Assignment -> Go to the line in the entries below that holds "Контроллер NANO V1.0, терминальный" and repeat exactly from there through the line that holds "Bulldozer dumping dirt", inclusive.

Material supplied ->
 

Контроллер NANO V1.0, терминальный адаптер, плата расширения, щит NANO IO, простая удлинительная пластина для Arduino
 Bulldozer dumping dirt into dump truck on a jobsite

* * *

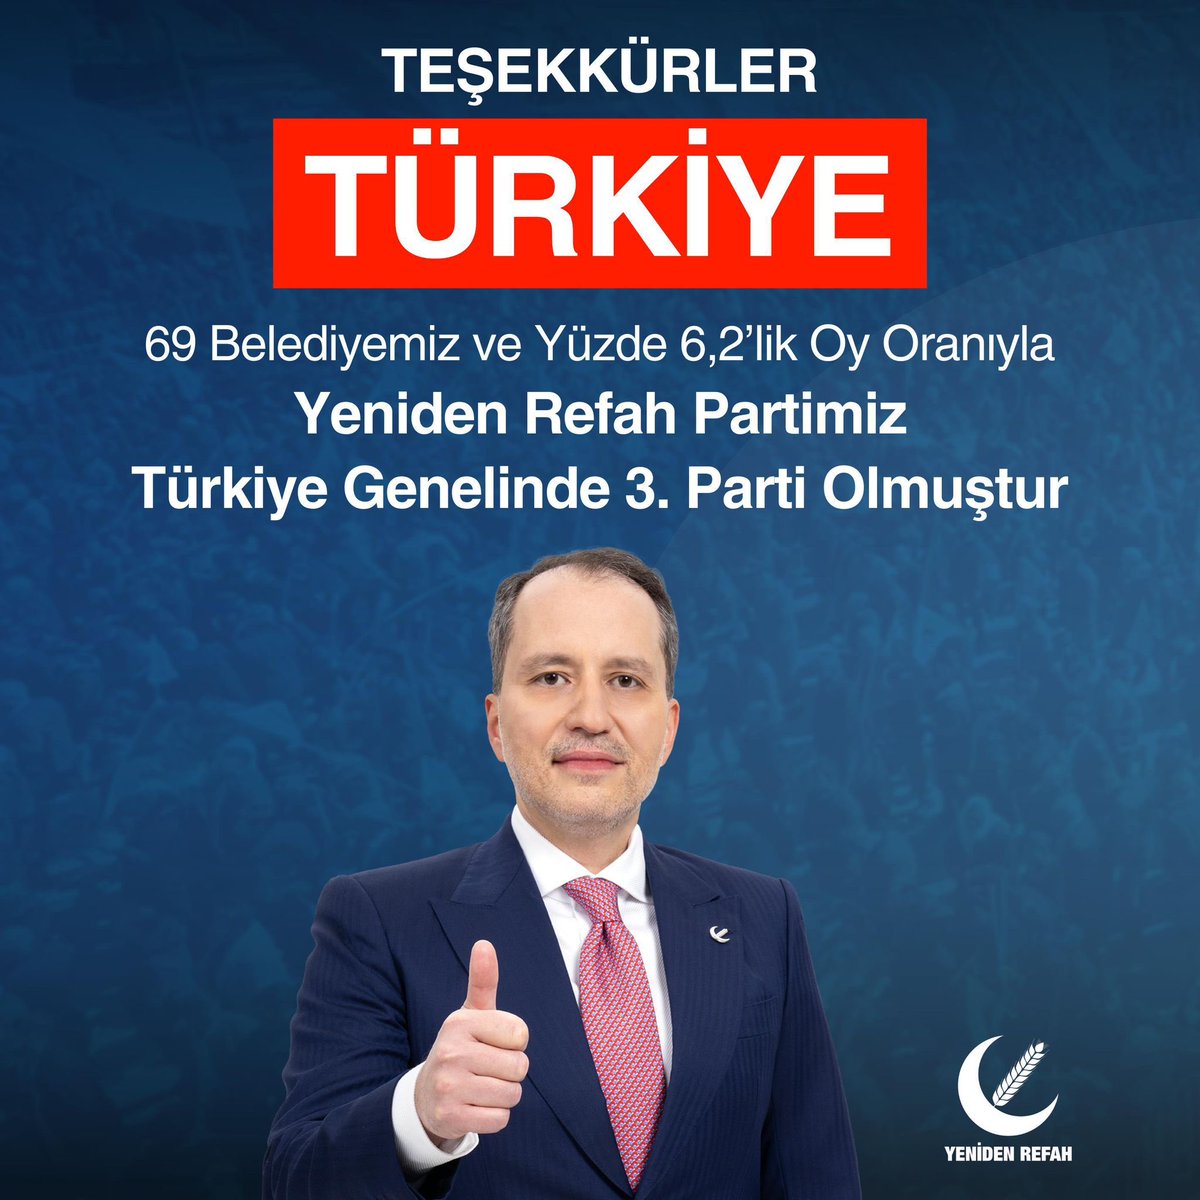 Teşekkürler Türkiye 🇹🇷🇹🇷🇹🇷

==

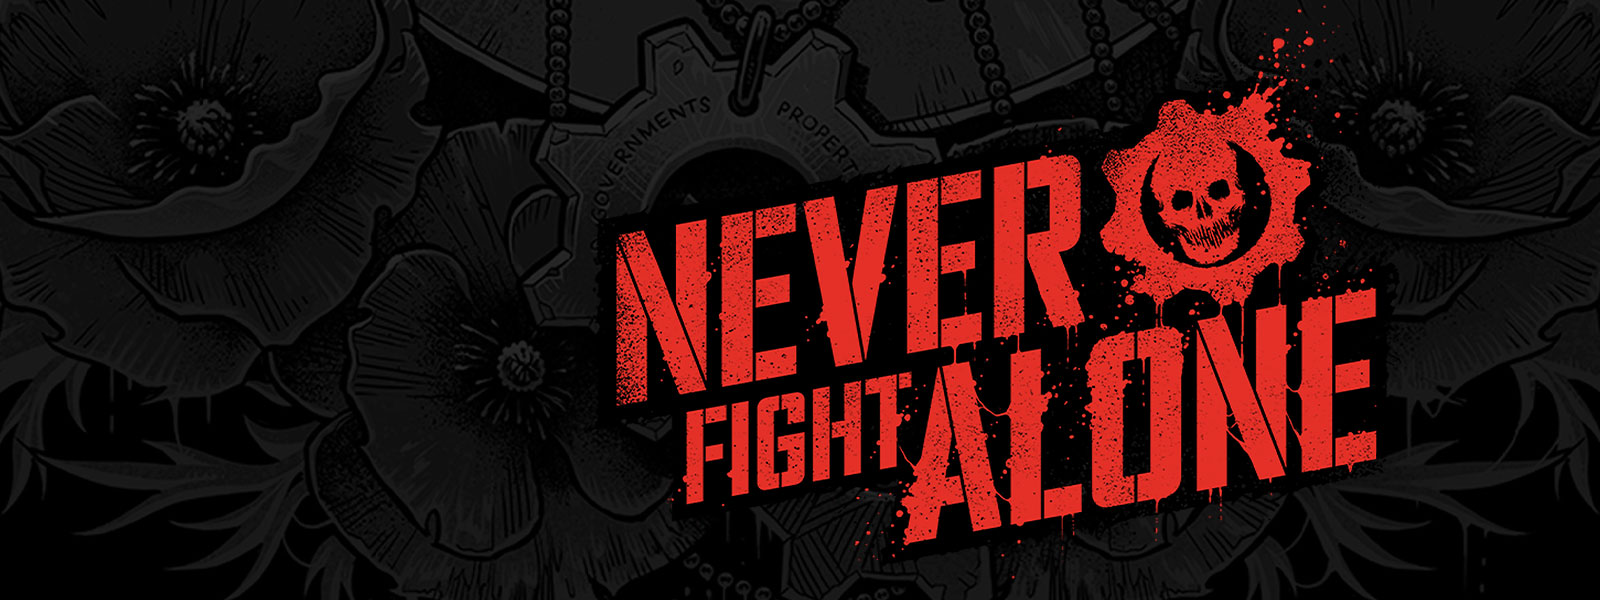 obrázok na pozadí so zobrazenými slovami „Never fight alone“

Output of the exercise ->
Контроллер NANO V1.0, терминальный адаптер, плата расширения, щит NANO IO, простая удлинительная пластина для Arduino
 Bulldozer dumping dirt into dump truck on a jobsite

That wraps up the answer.